__Try it__:
Print the entire listing below word for word, excluding its pictures.

__Source data__:
★ ★ ★ ★ ★ ★ ★

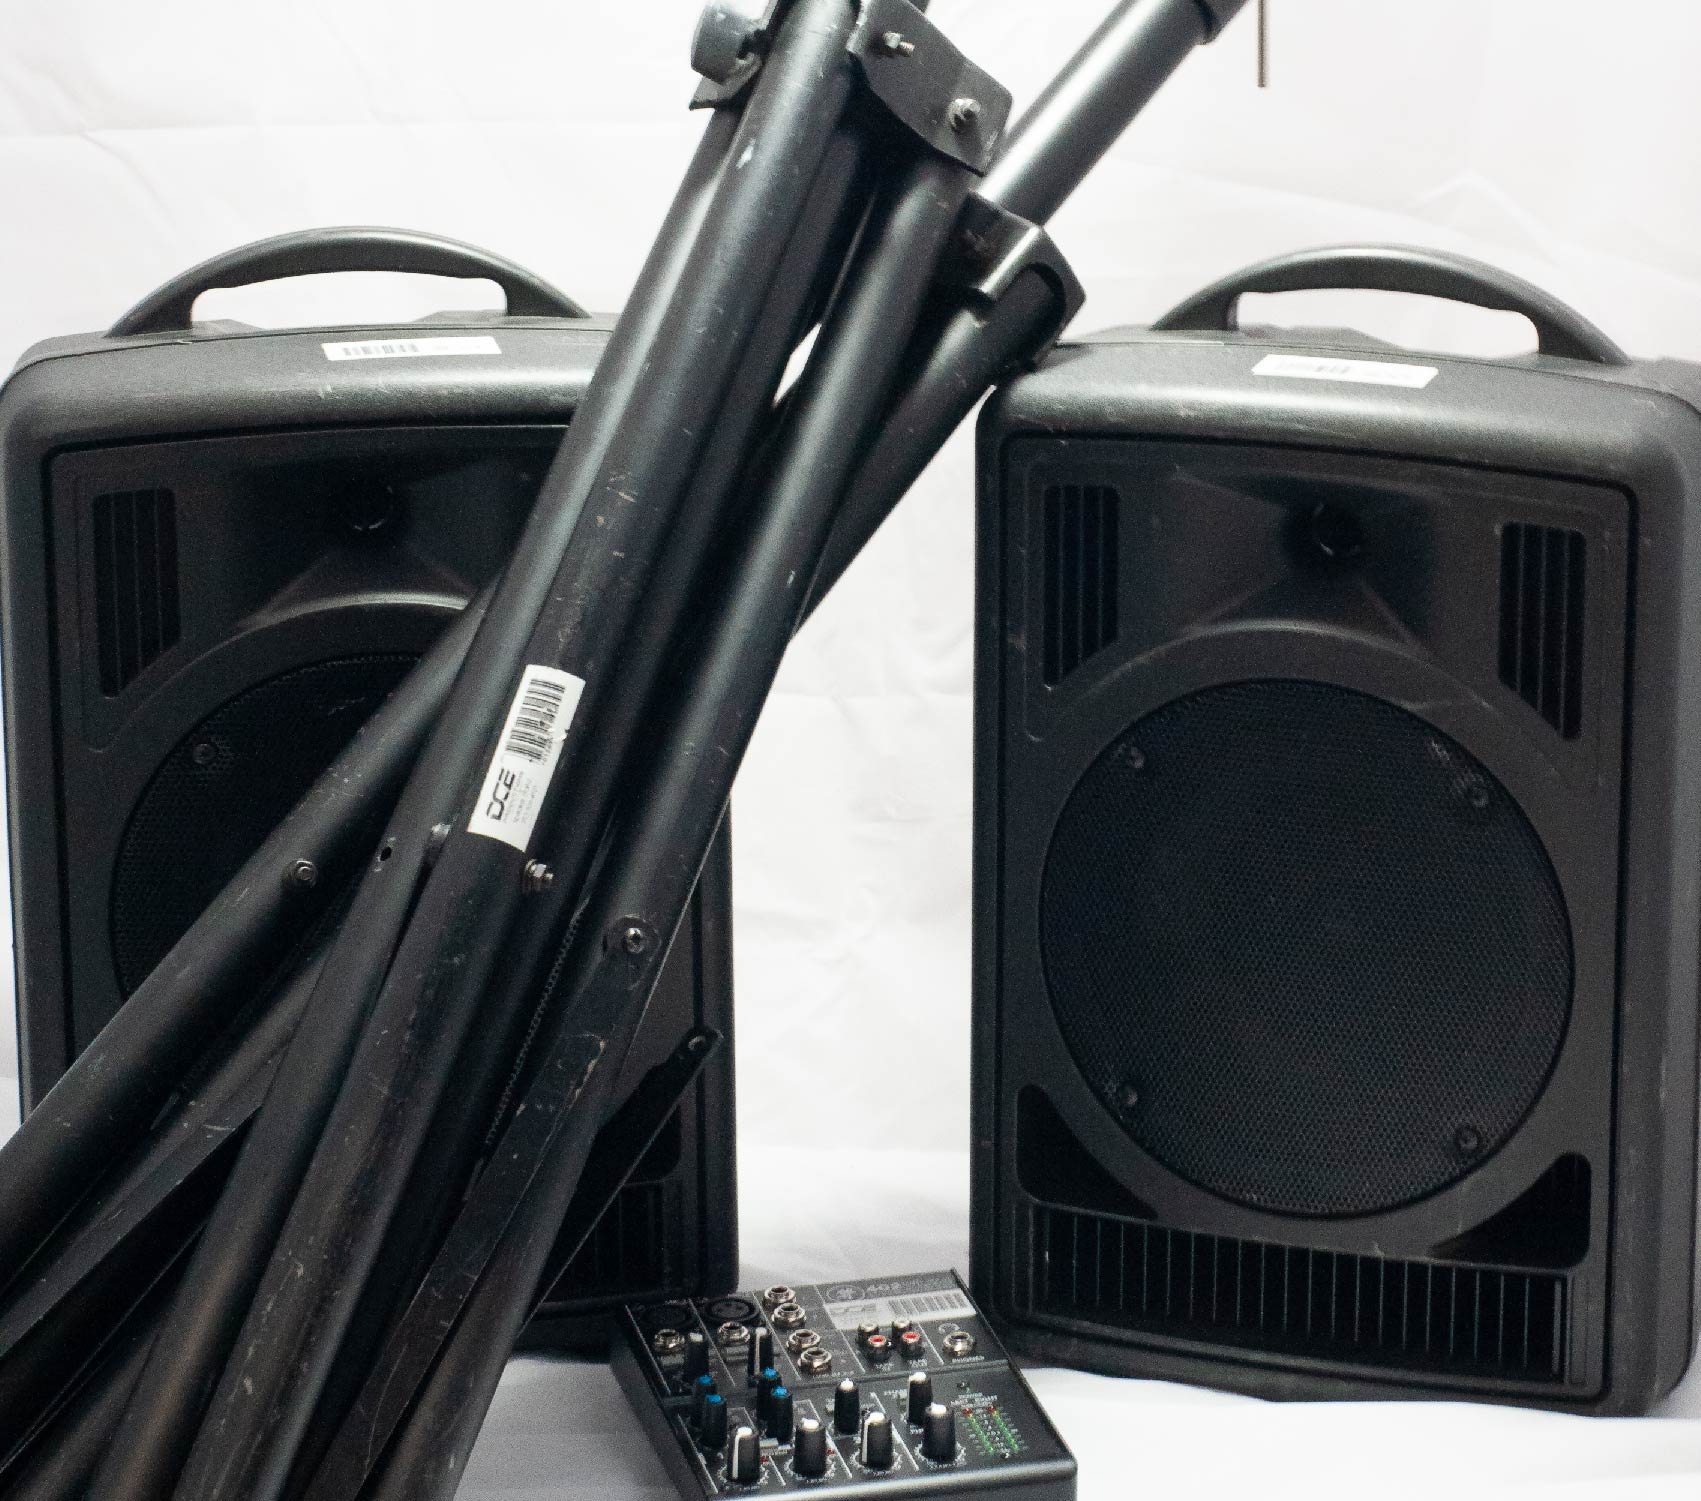 (2) Powered Speakers & Audio Mixer
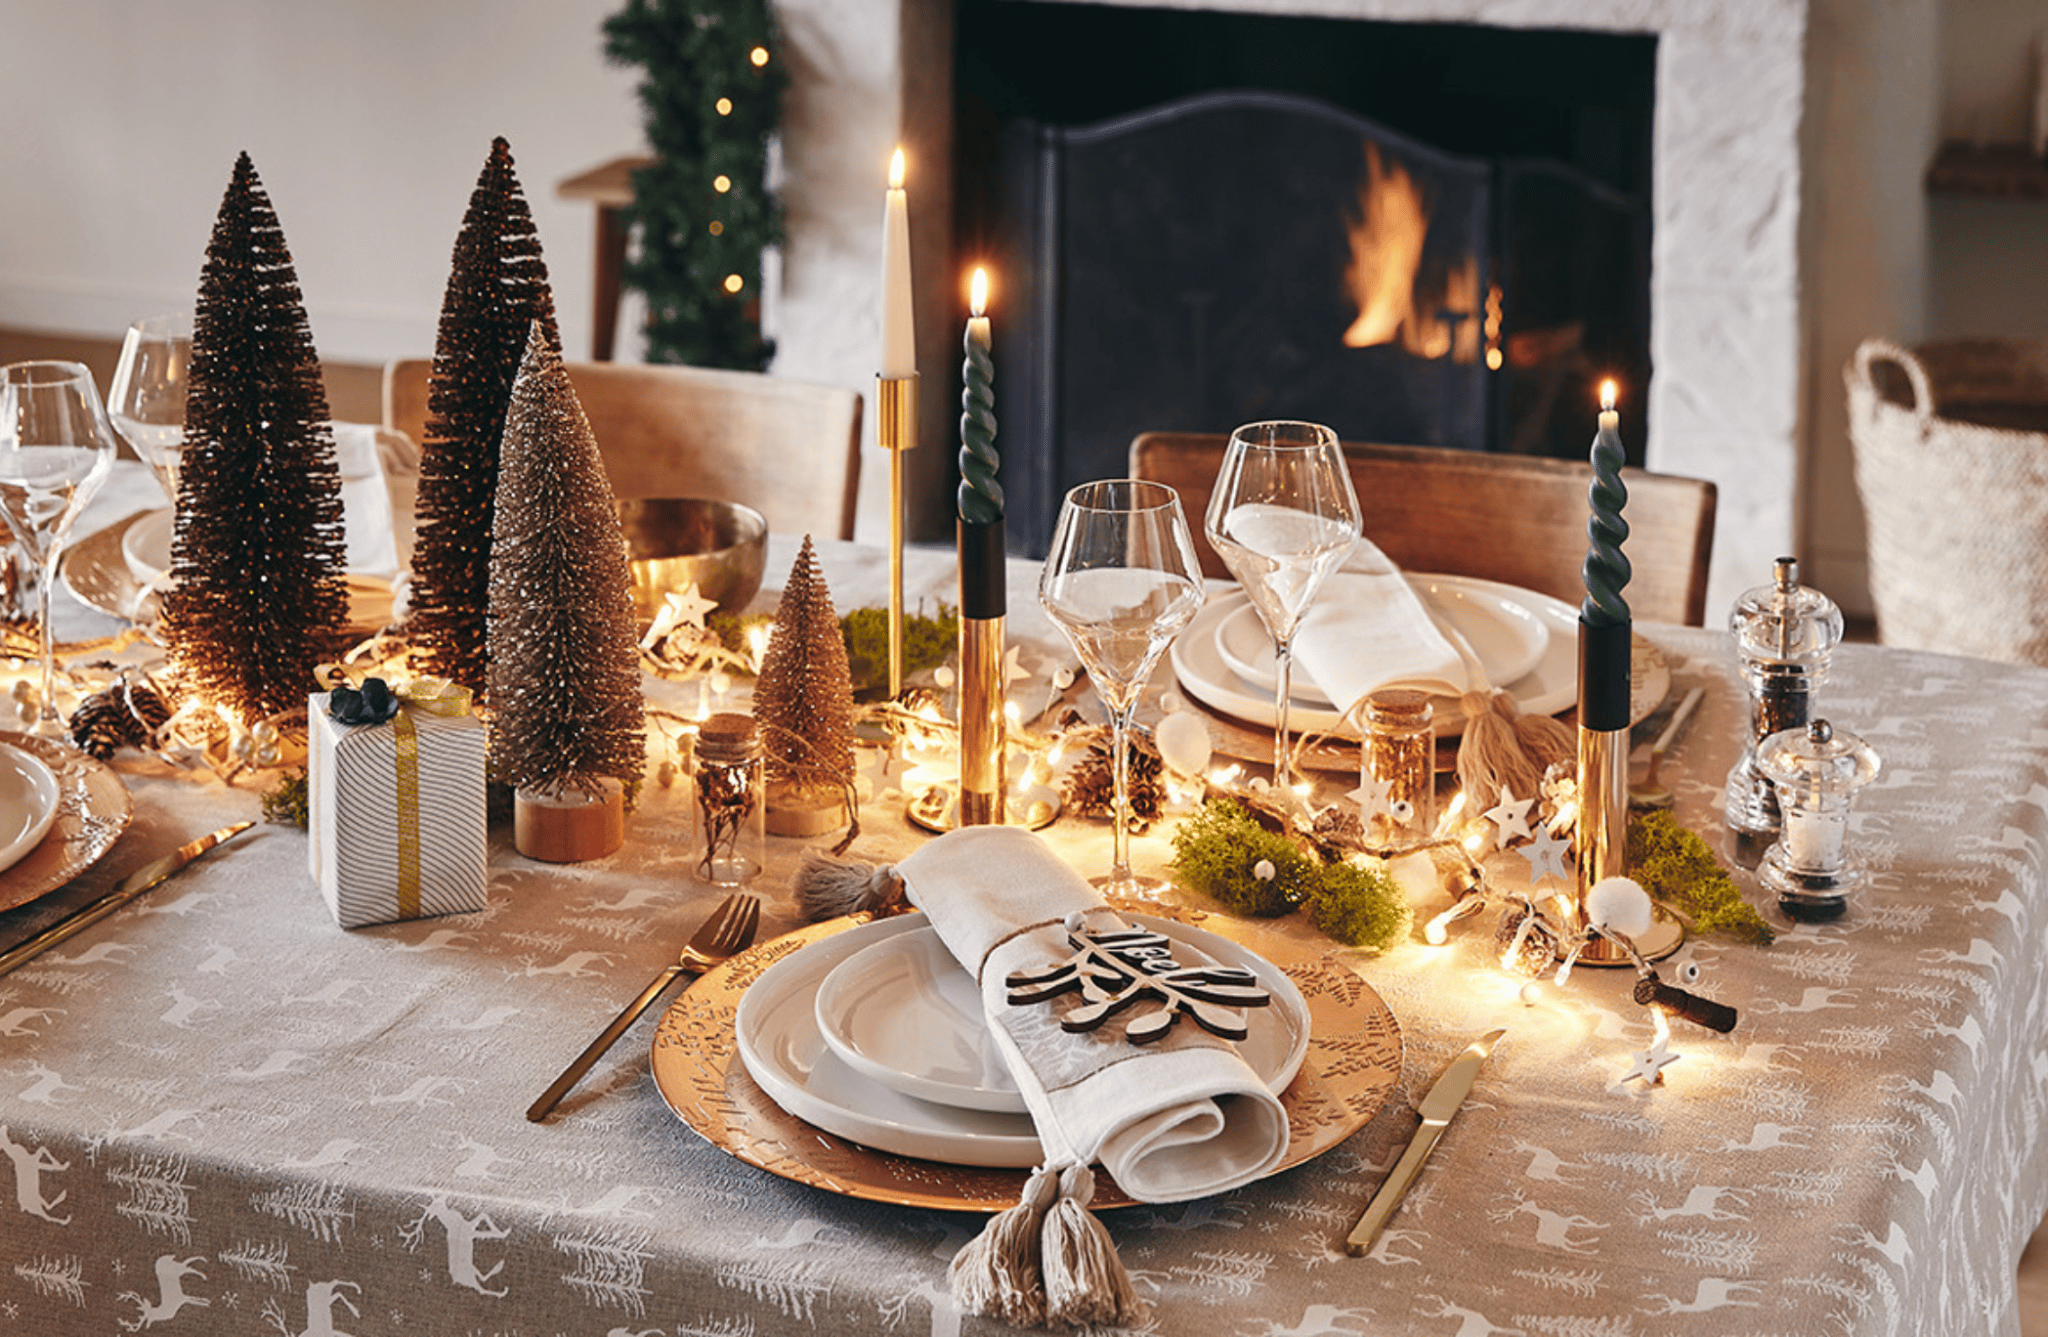 Comment faire un repas de Noël traditionnel ? - Cuisine Actuelle
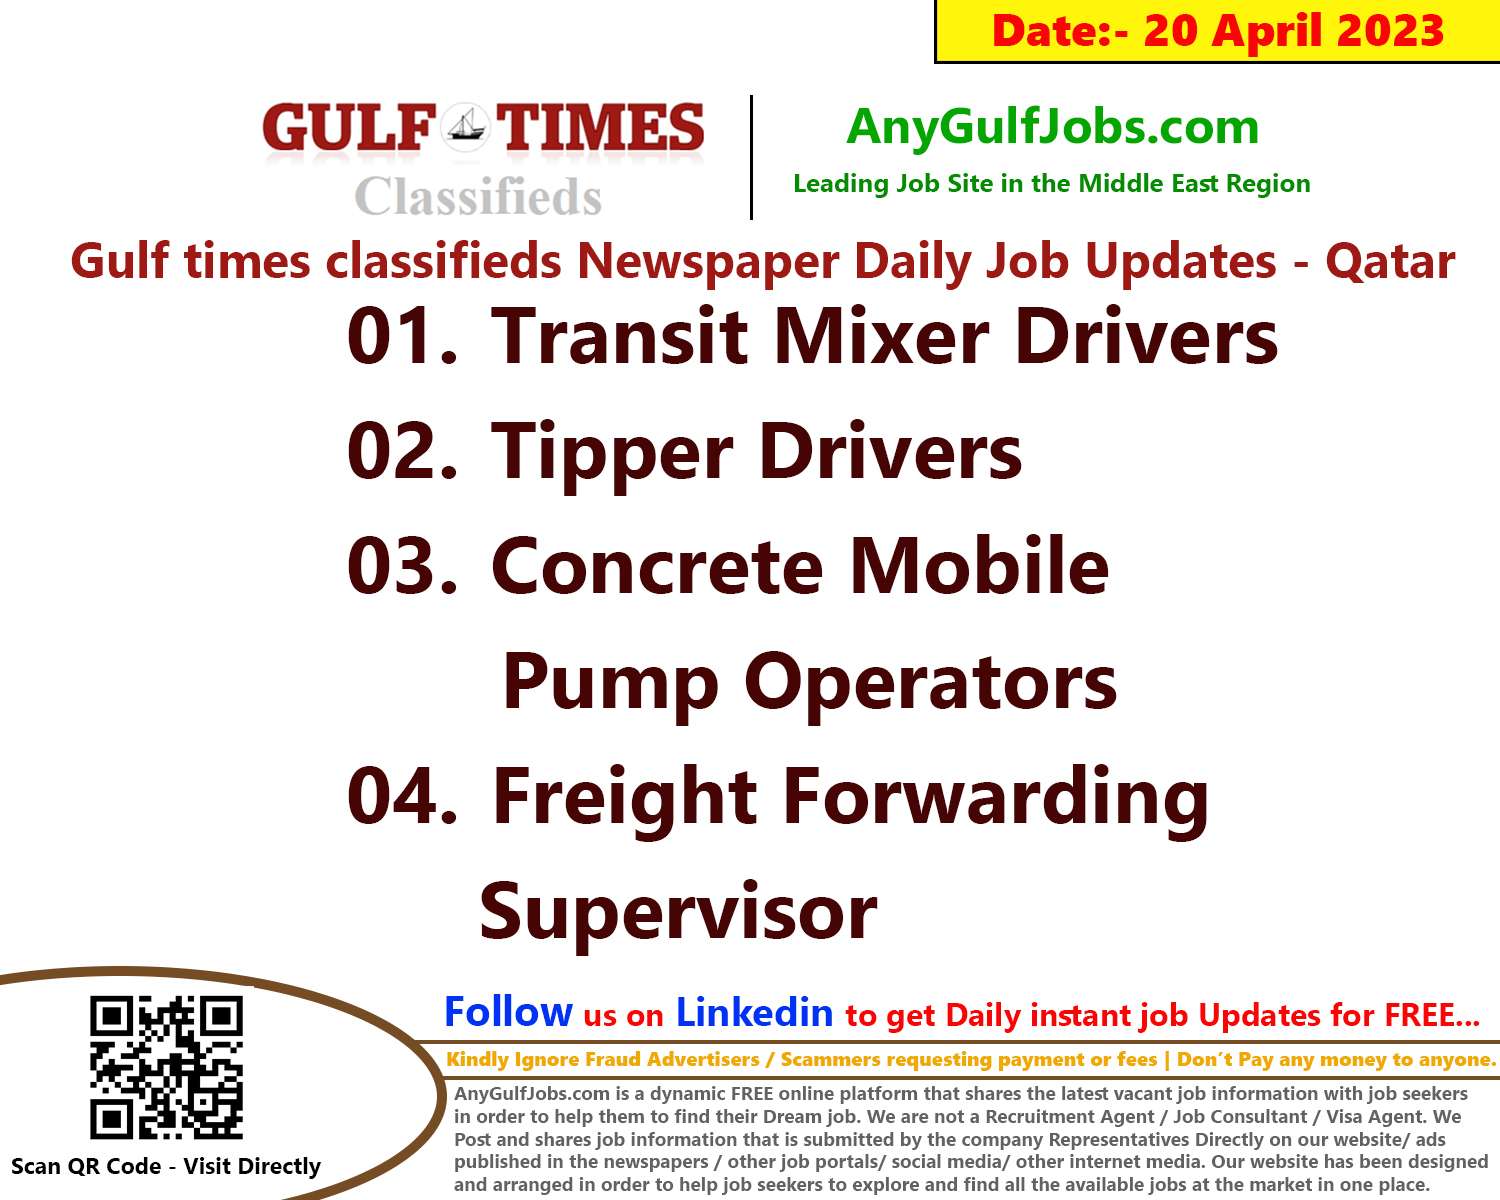 Gulf times classifieds Job Vacancies Qatar - 20 April 2023

★ ★ ★ ★ ★ ★ ★

__Solution to this exercise__:
 (2) Powered Speakers & Audio Mixer
 Comment faire un repas de Noël traditionnel ? - Cuisine Actuelle
 Gulf times classifieds Job Vacancies Qatar - 20 April 2023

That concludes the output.